Exploring the Neural Terrain: Loss Landscapes and AI Training

To differentiate memorization from reasoning, Goodfire’s team employed the concept of the “loss landscape,” a visualization of how an AI model’s error rate changes as its internal parameters are adjusted. Imagine a machine with millions of dials; the loss landscape maps the error levels across all possible dial settings. During training, AI models use gradient descent to “descend” into valleys of minimal error, refining their outputs.

By examining the curvature of these landscapes, researchers found that memorized facts correspond to sharp peaks and valleys-areas highly sensitive to small parameter changes-while reasoning abilities correspond to smoother, rolling hills that maintain consistent curvature regardless of direction.

Using the Kronecker Factored Approximate Curvature (K-FAC) method, the team demonstrated that memorized information creates sharp spikes in the loss landscape, which average out to flat regions when considered across many examples. In contrast, reasoning-related pathways maintain moderate curvature, reflecting shared mechanisms across diverse inputs.

Validating Across Models and Modalities

The researchers extended their analysis to various AI architectures, including Allen Institute’s OLMo-2 models with 7-billion and 1-billion parameters, and Vision Transformers (ViT-Base) trained on ImageNet with deliberately mislabeled images to induce controlled memorization. They benchmarked their approach against existing memorization removal techniques like BalancedSubnet.
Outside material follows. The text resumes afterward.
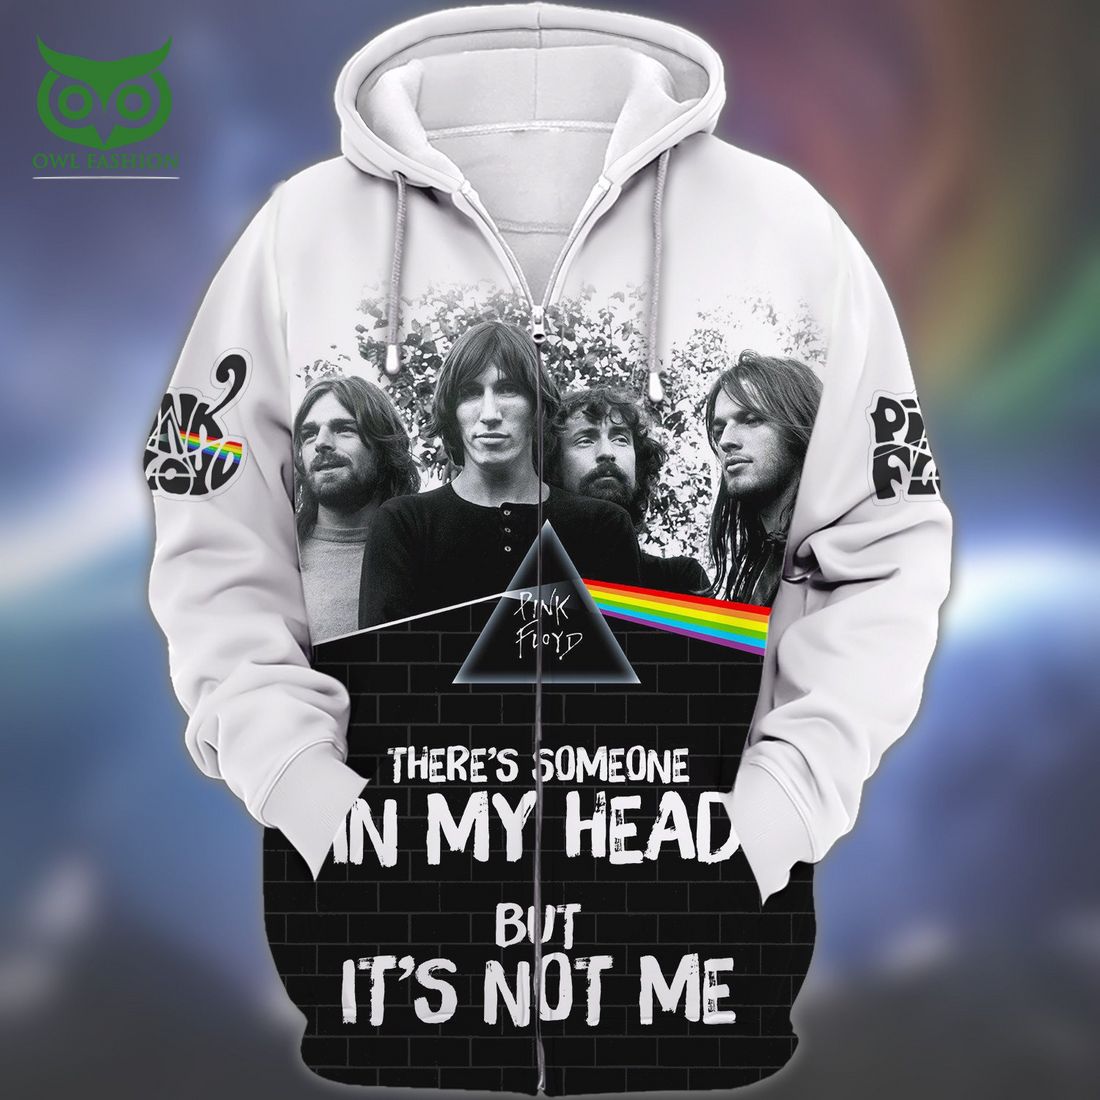 pink floy someone in my head but not me 3d shirt 1 4jqC6

After excising low-curvature components, the models’ recall of memorized content dropped dramatically from nearly 100% to just 3.4%, while logical reasoning tasks retained 95-106% of their original performance. These tasks included Boolean logic evaluations, deduction puzzles involving relational tracking, object tracking through multiple swaps, and benchmarks such as BoolQ for yes/no reasoning, Winogrande for commonsense inference, and OpenBookQA for science questions requiring fact-based reasoning.

Mathematical tasks and closed-book fact retrieval, however, showed a notable decline, with performance falling to 66-86%. Arithmetic was especially vulnerable; even when the AI generated correct reasoning chains, it failed at the calculation step once memory pathways were removed.
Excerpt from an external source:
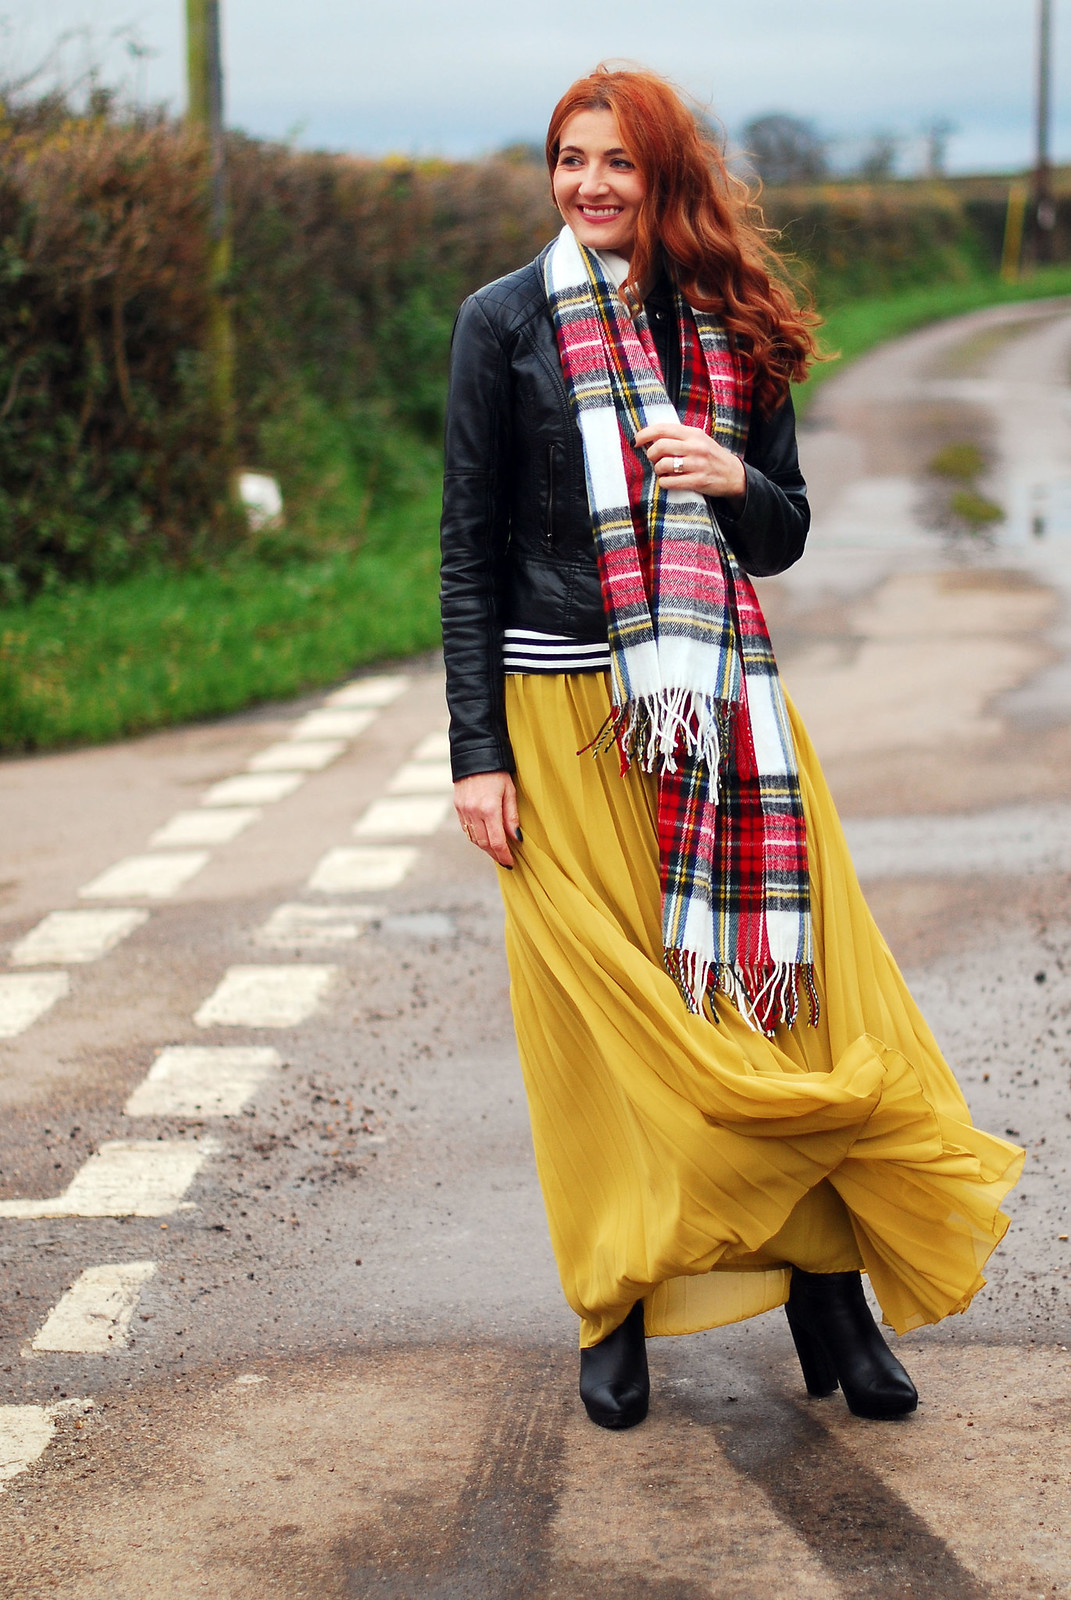 8 Ways to Wear Tartan / Checks / Plaid in Winter | Not Dressed As Lamb, over 40 fashion

Open-book question answering, which relies on external context rather than internal memory, proved most resilient, maintaining near-full accuracy after editing.

Frequency of Information Influences Neural Allocation

The study also revealed that the neural separation between memory and reasoning varies with the rarity of information. Rare facts, such as names of company CEOs, saw a 78% reduction in recall after editing, whereas common knowledge like country capitals remained largely unaffected. This suggests that AI models allocate neural resources differently based on the prevalence of information in their training data.

K-FAC outperformed other memorization removal methods without requiring examples of memorized content during training. It reduced memorization of unseen historical quotes to 16.1%, compared to 60% with BalancedSubnet.

Vision transformers exhibited similar patterns: when trained with intentionally mislabeled images, distinct neural pathways emerged for memorizing incorrect labels versus learning visual patterns. Removing memorization pathways restored 66.5% accuracy on previously mislabeled images.

Challenges and Future Directions in Memory Editing

Despite promising results, the researchers acknowledge limitations. Current unlearning techniques tend to suppress rather than completely erase information, meaning “forgotten” data can sometimes be reactivated through targeted retraining. Additionally, the precise reasons why mathematical abilities degrade so sharply after memory removal remain unclear-whether arithmetic is truly memorized or shares neural circuits with memorization is still under investigation.

Moreover, some detection methods may misclassify complex reasoning as memorization, and the mathematical tools used to analyze loss landscapes can become unreliable at extreme values. Nonetheless, these challenges do not undermine the practical effectiveness of the editing process.